2.Per le attivita' dirette alla manipolazione, conservazione, trasformazione, valorizzazione e commercializzazione di prodotti diversi da quelli indicati nell' articolo 32, comma 2, lettera c), ottenuti prevalentemente dalla coltivazione del fondo o del bosco o dall'allevamento di animali, il reddito e' determinato applicando all'ammontare dei corrispettivi delle operazioni registrate o soggette a registrazione agli effetti dell'imposta sul valore aggiunto, conseguiti con tali attivita', il coefficiente di redditivita' del 15 per cento.

3.Per le attivita' dirette alla fornitura di servizi di cui al terzo comma dell'articolo 2135 del codice civile, il reddito e' determinato applicando all'ammontare dei corrispettivi delle operazioni registrate o soggette a registrazione agli effetti dell'imposta sul valore aggiunto, conseguiti con tali attivita', il coefficiente di redditivita' del 25 per cento.

3-bis.Per le attivita' dirette alla commercializzazione di piante vive e prodotti della floricoltura acquistate da imprenditori agricoli florovivaistici di cui all'articolo 2135 del codice civile, nei limiti del 10 per cento del volume di affari, da altri imprenditori agricoli florovivaistici, il reddito e' determinato applicando all'ammontare dei corrispettivi delle operazioni registrate o soggette a registrazione agli effetti dell'imposta sul valore aggiunto il coefficiente di redditivita' del 5 per cento.

((3-ter. Il reddito derivante dalla produzione e cessioni di beni di cui all'articolo 32, comma 2, lettera b-ter), oltre il limite ivi indicato, e' determinato applicando all'ammontare dei corrispettivi delle operazioni registrate o soggette a registrazione agli effetti dell'imposta sul valore aggiunto il coefficiente di redditivita' del 25 per cento.))

((235))

((4. Le disposizioni del presente articolo si applicano anche ai soggetti che hanno esercitato l'opzione di cui all'articolo 1, comma 1093, della legge 27 dicembre 2006, n. 296.))

((235))

5.Il contribuente ha facolta' di non avvalersi delle disposizioni di cui al presente articolo.

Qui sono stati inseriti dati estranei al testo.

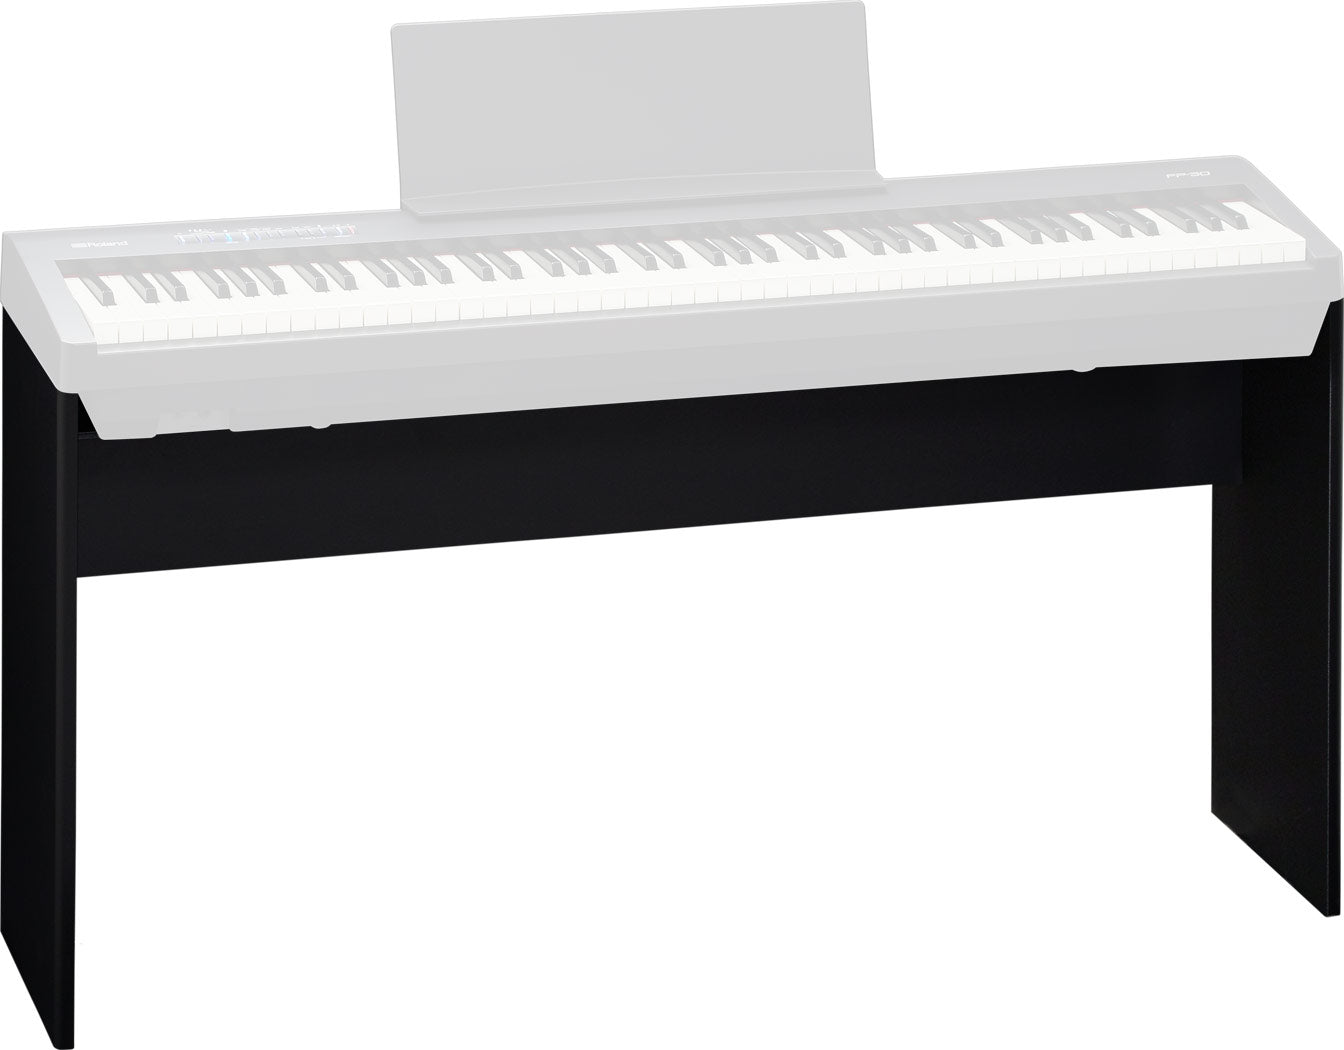 Roland - KSC - 70 | Custom Keyboard stand for the Roland FP-30

In tal caso l'opzione o la revoca per la determinazione del reddito nel modo normale si esercitano con le modalita' stabilite dal regolamento recante norme per il riordino della disciplina delle opzioni in materia di imposta sul valore aggiunto e di imposte dirette, di cui al decreto del Presidente della Repubblica 10 novembre 1997, n. 442, e successive modificazioni.

Art. 57

((Ricavi 1. Si comprende tra i ricavi di cui all'articolo 85 anche il valore normale dei beni ivi indicati destinati al consumo personale o familiare dell'imprenditore.))

((115))

Art. 58

Plusvalenze

1.Per le plusvalenze derivanti da cessione delle aziende, le disposizioni del comma 4 dell'articolo 86 non si applicano quando e' richiesta la tassazione separata a norma del comma 2 dell'articolo 17. Il trasferimento di azienda per causa di morte o per atto gratuito non costituisce realizzo di plusvalenze dell'azienda stessa; l'azienda e' assunta ai medesimi valori fiscalmente riconosciuti nei confronti del dante causa. I criteri di cui al periodo precedente si applicano anche qualora, a seguito dello scioglimento, entro cinque anni dall'apertura della successione, della societa' esistente tra gli eredi, la predetta azienda resti acquisita da uno solo di essi.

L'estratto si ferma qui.